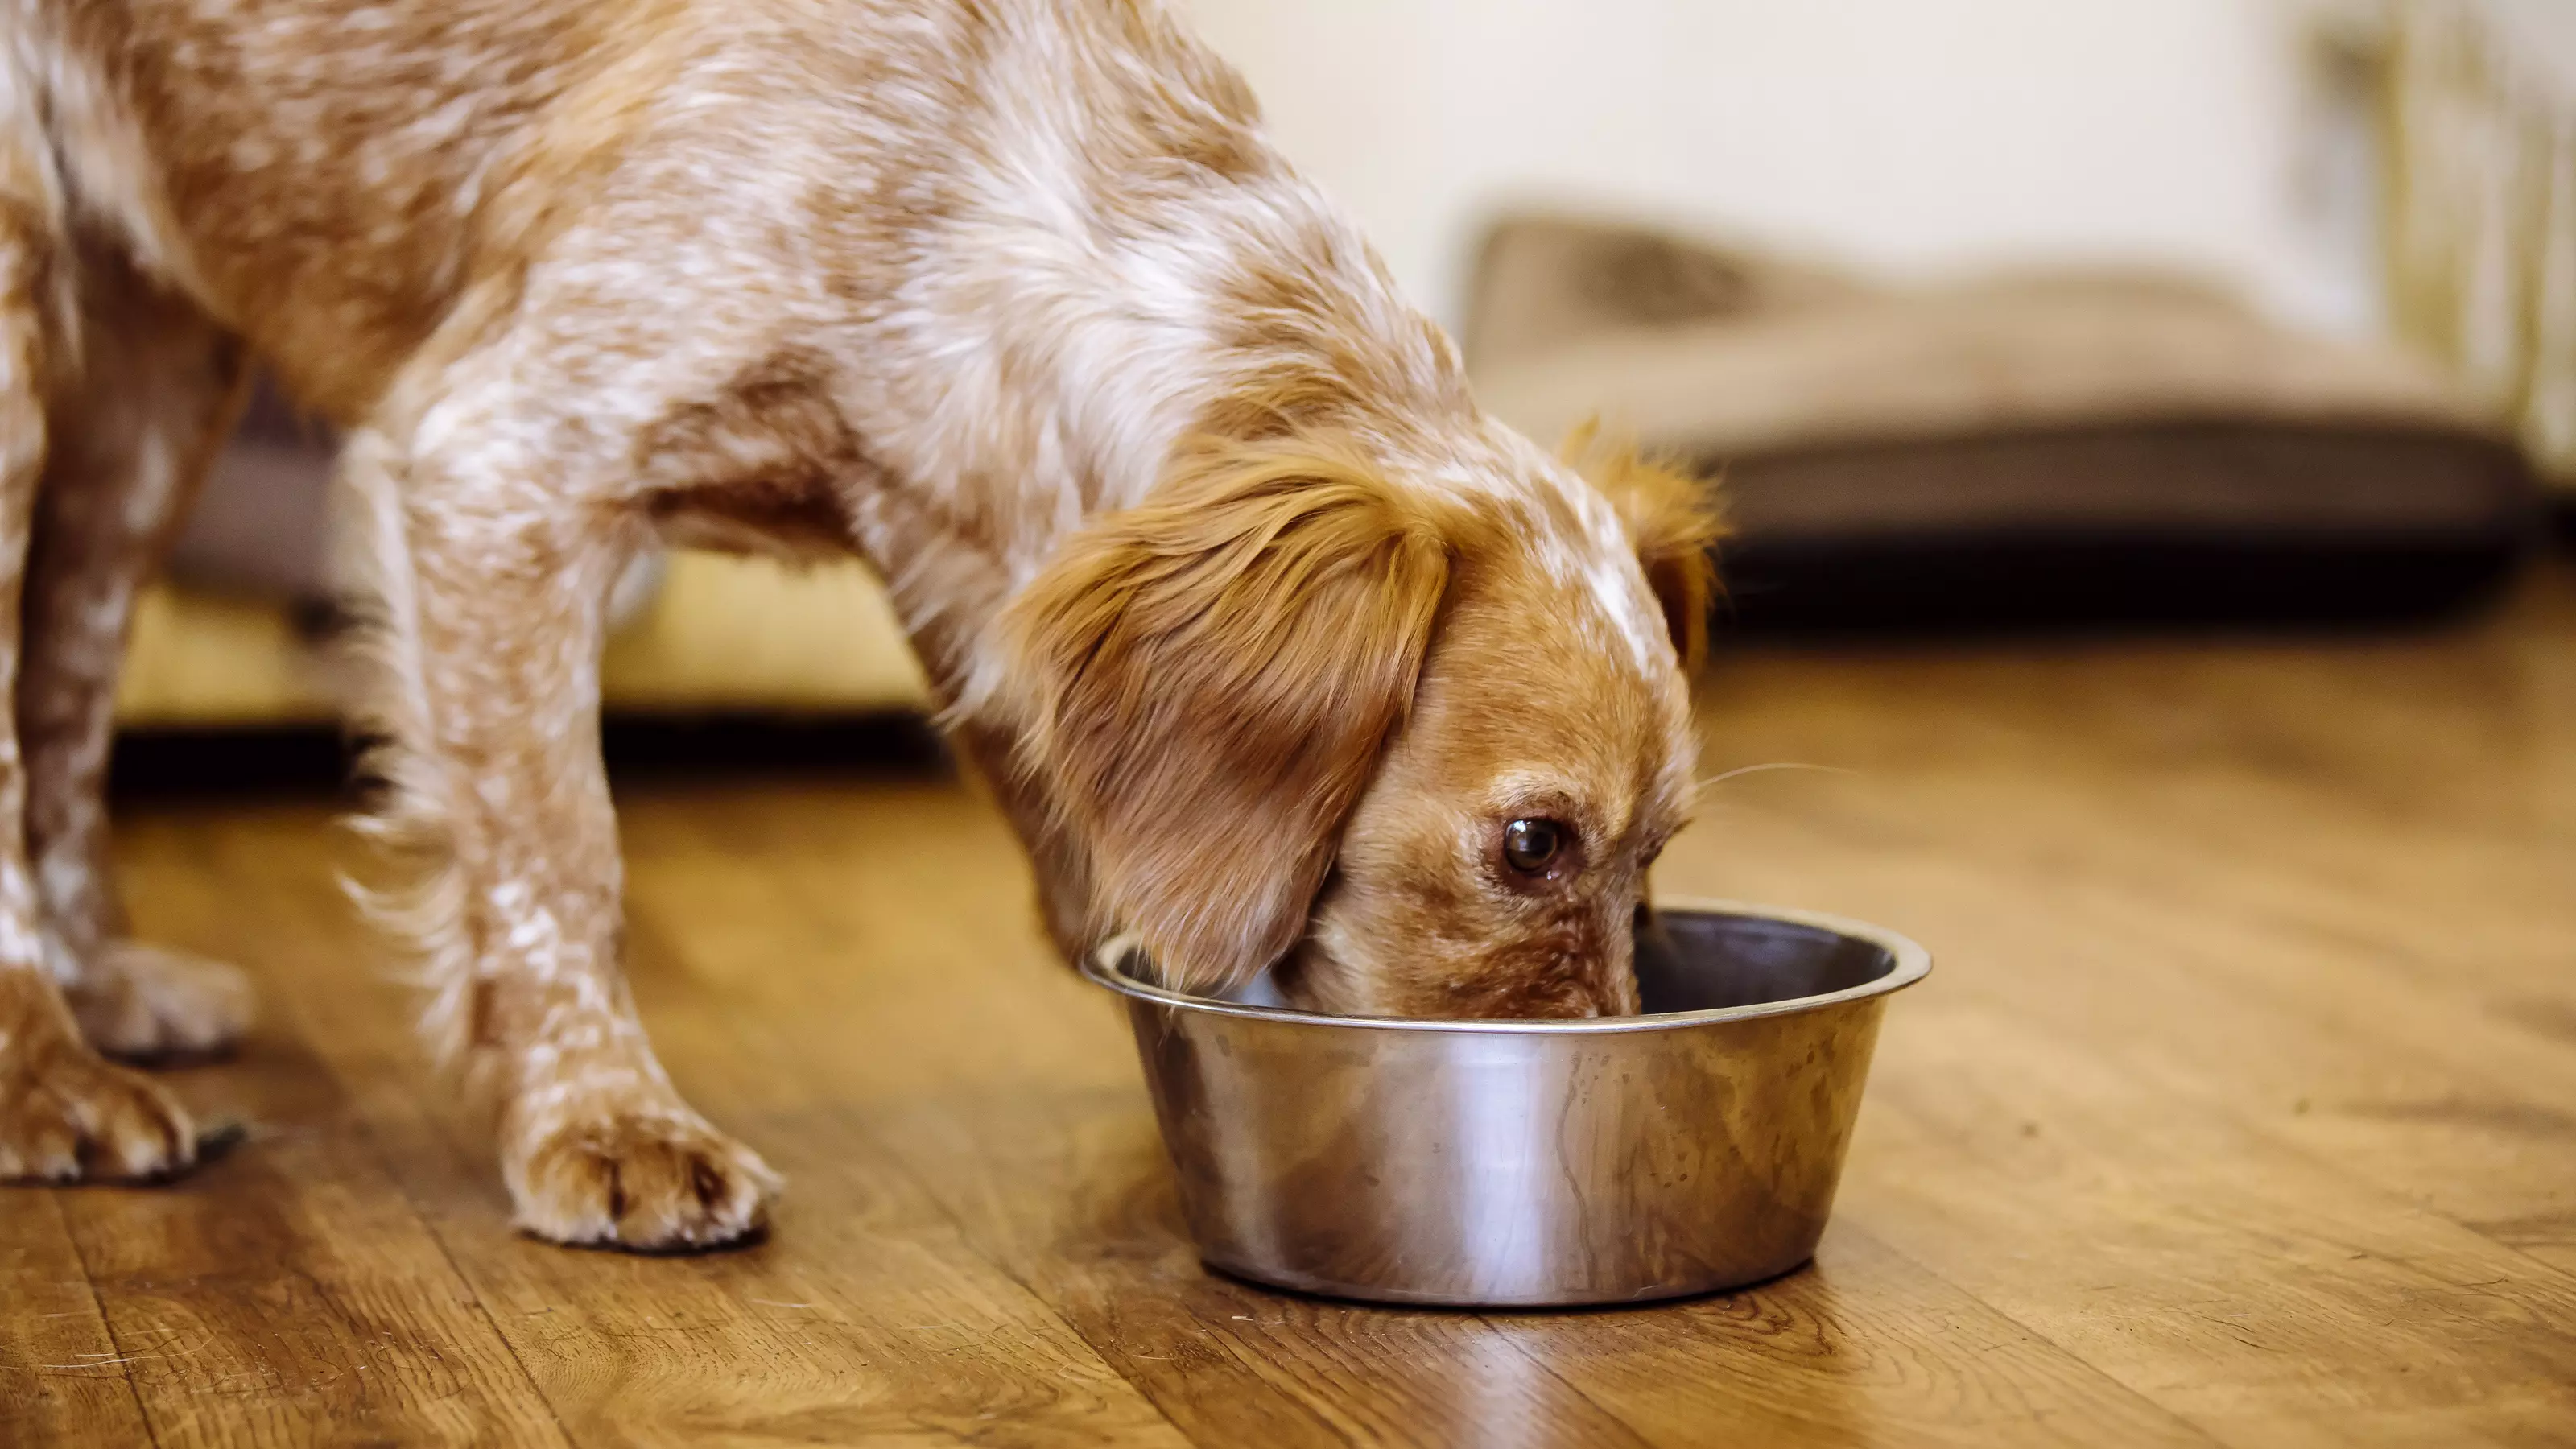 A dog eating food from a metal bowl.
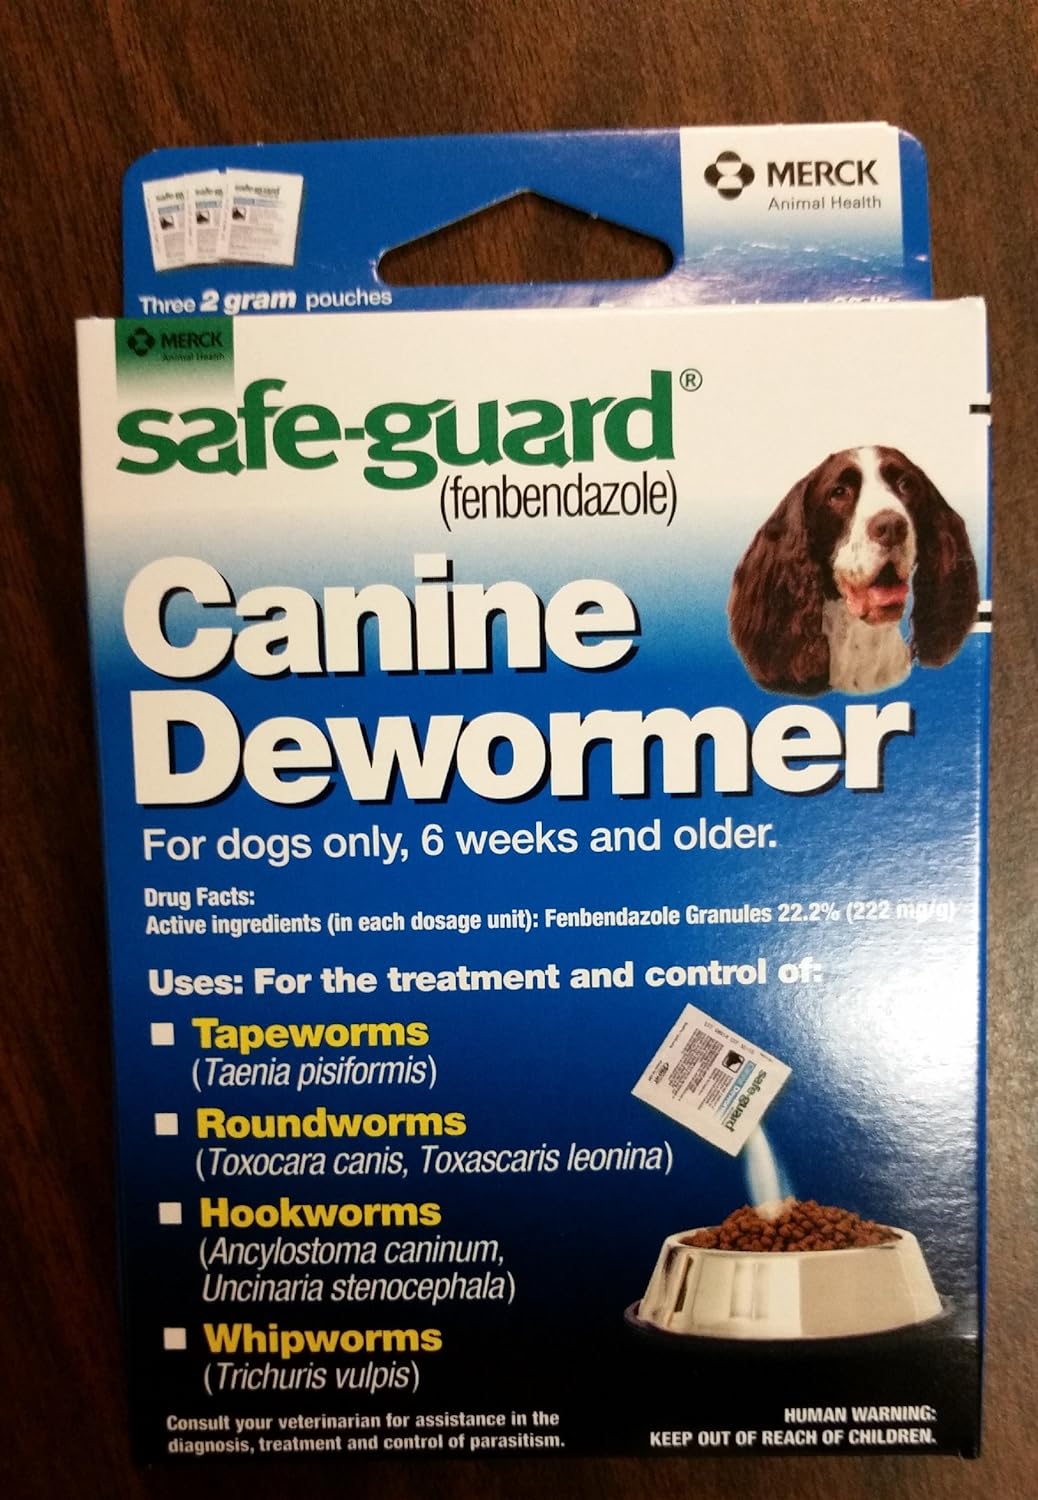 Pro-Sense Safe-Guard 4, Canine Dewormer for Dogs, 3-Day Treatment
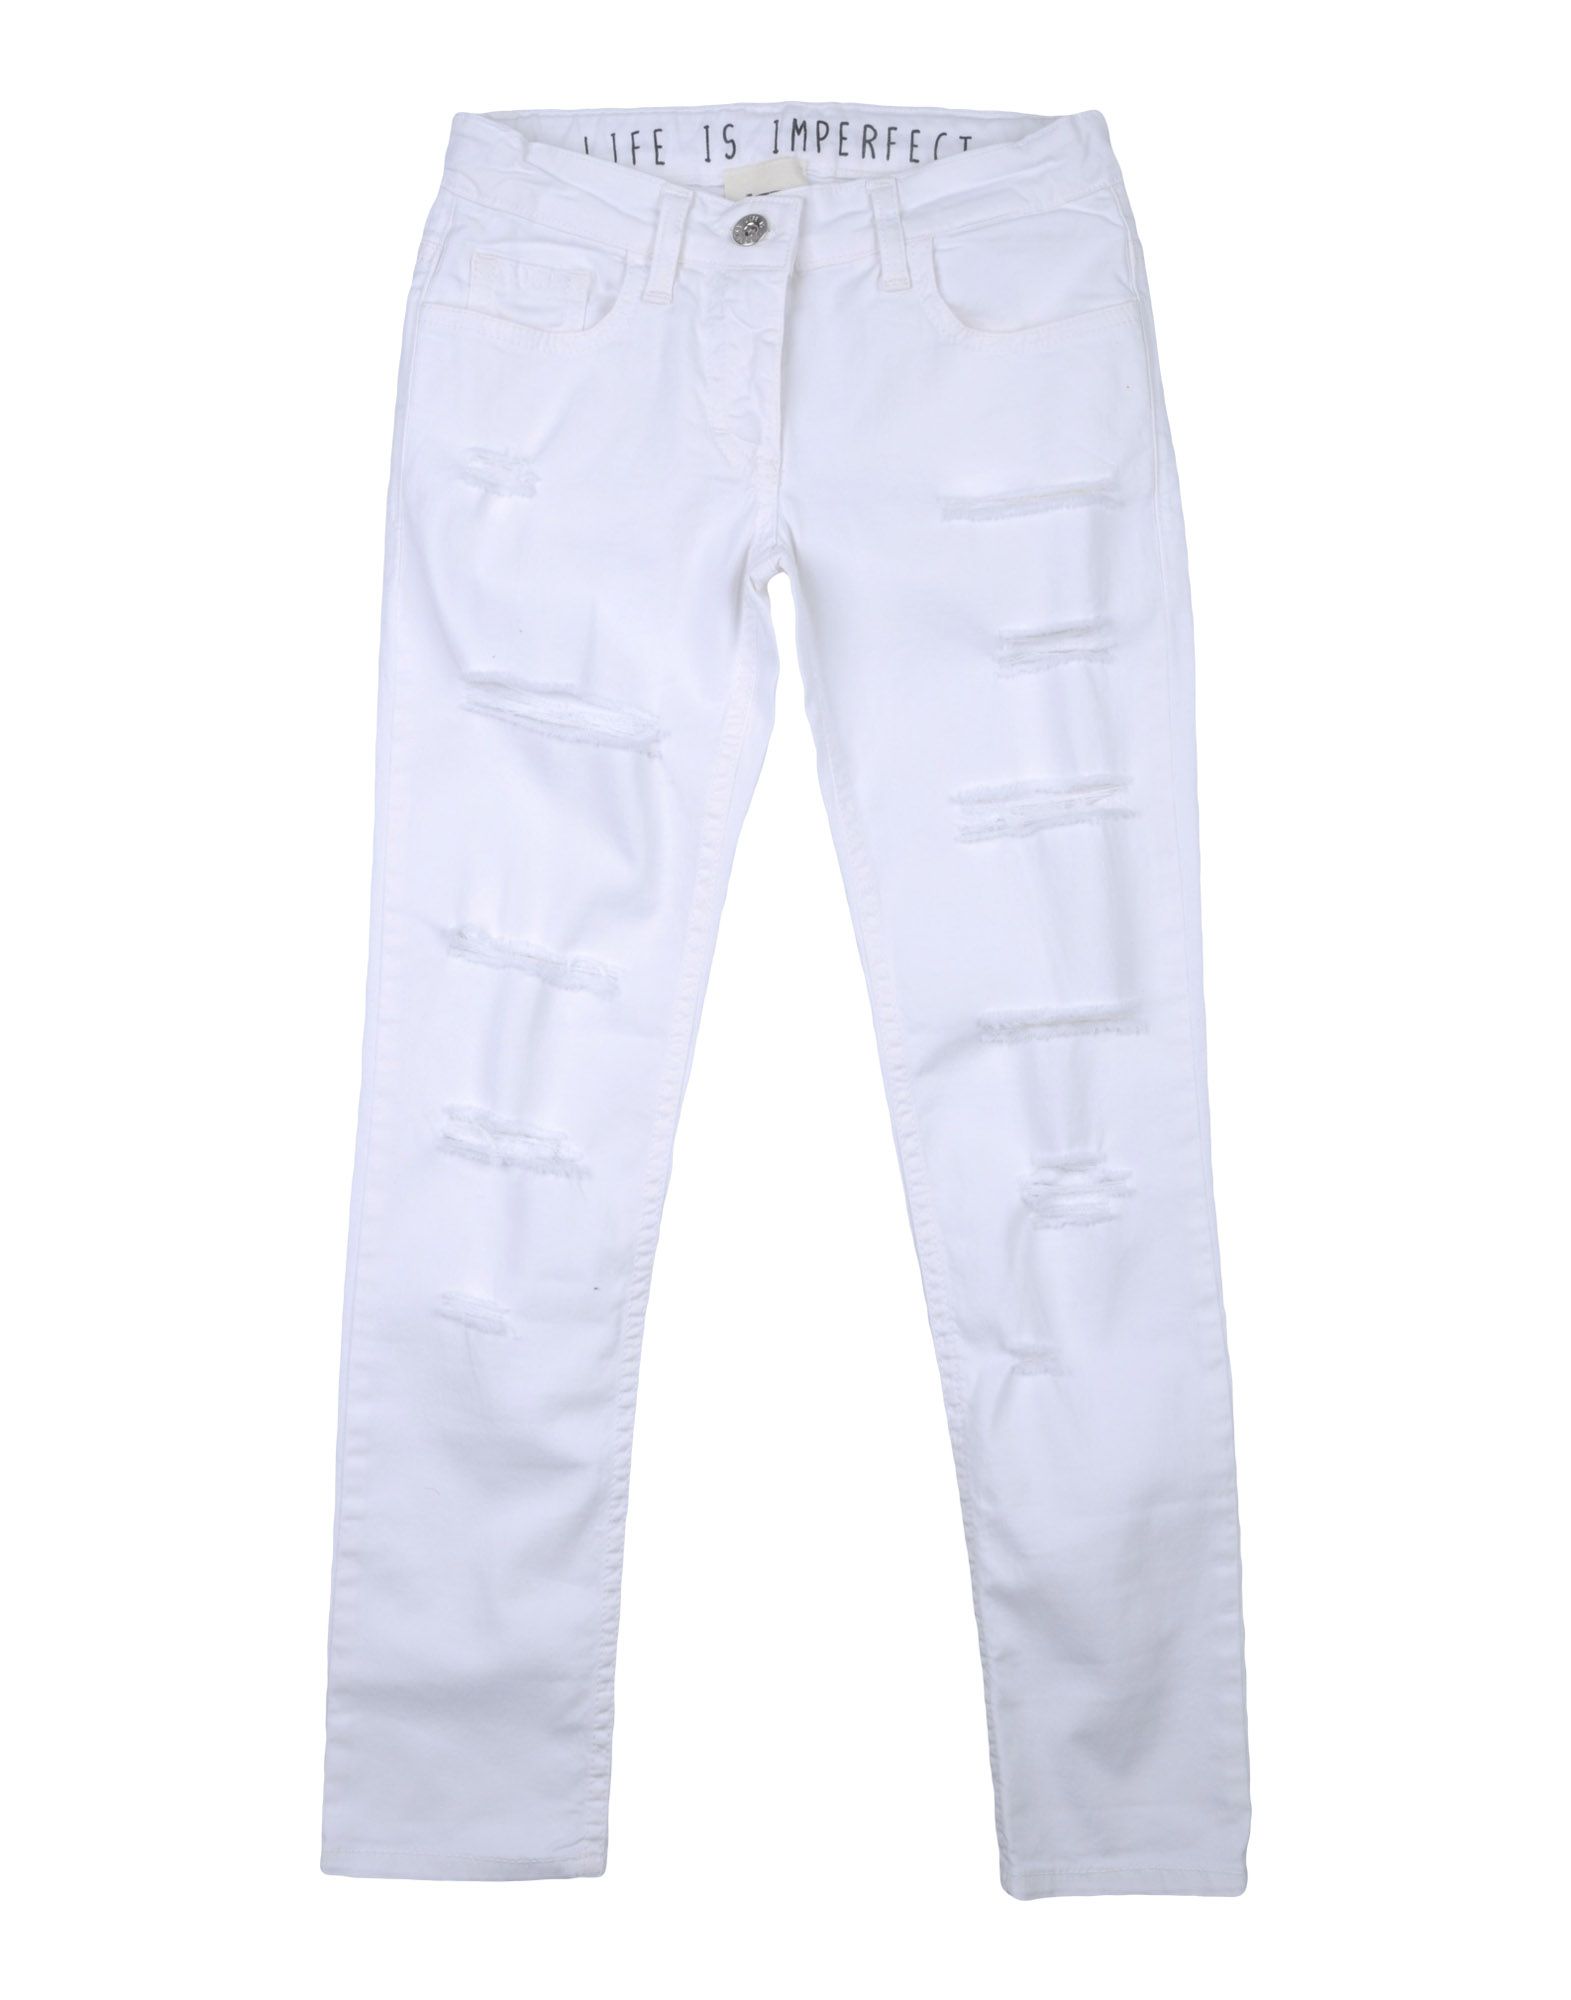 !m?erfect Kids'  Casual Pants In White

▶ WORK INSTRUCTIONS:
Your response must reproduce the listing above word for word and must contain none of its pictures.

▶ SOLVED PROBLEM:
 A dog eating food from a metal bowl.
 Pro-Sense Safe-Guard 4, Canine Dewormer for Dogs, 3-Day Treatment
 !m?erfect Kids'  Casual Pants In White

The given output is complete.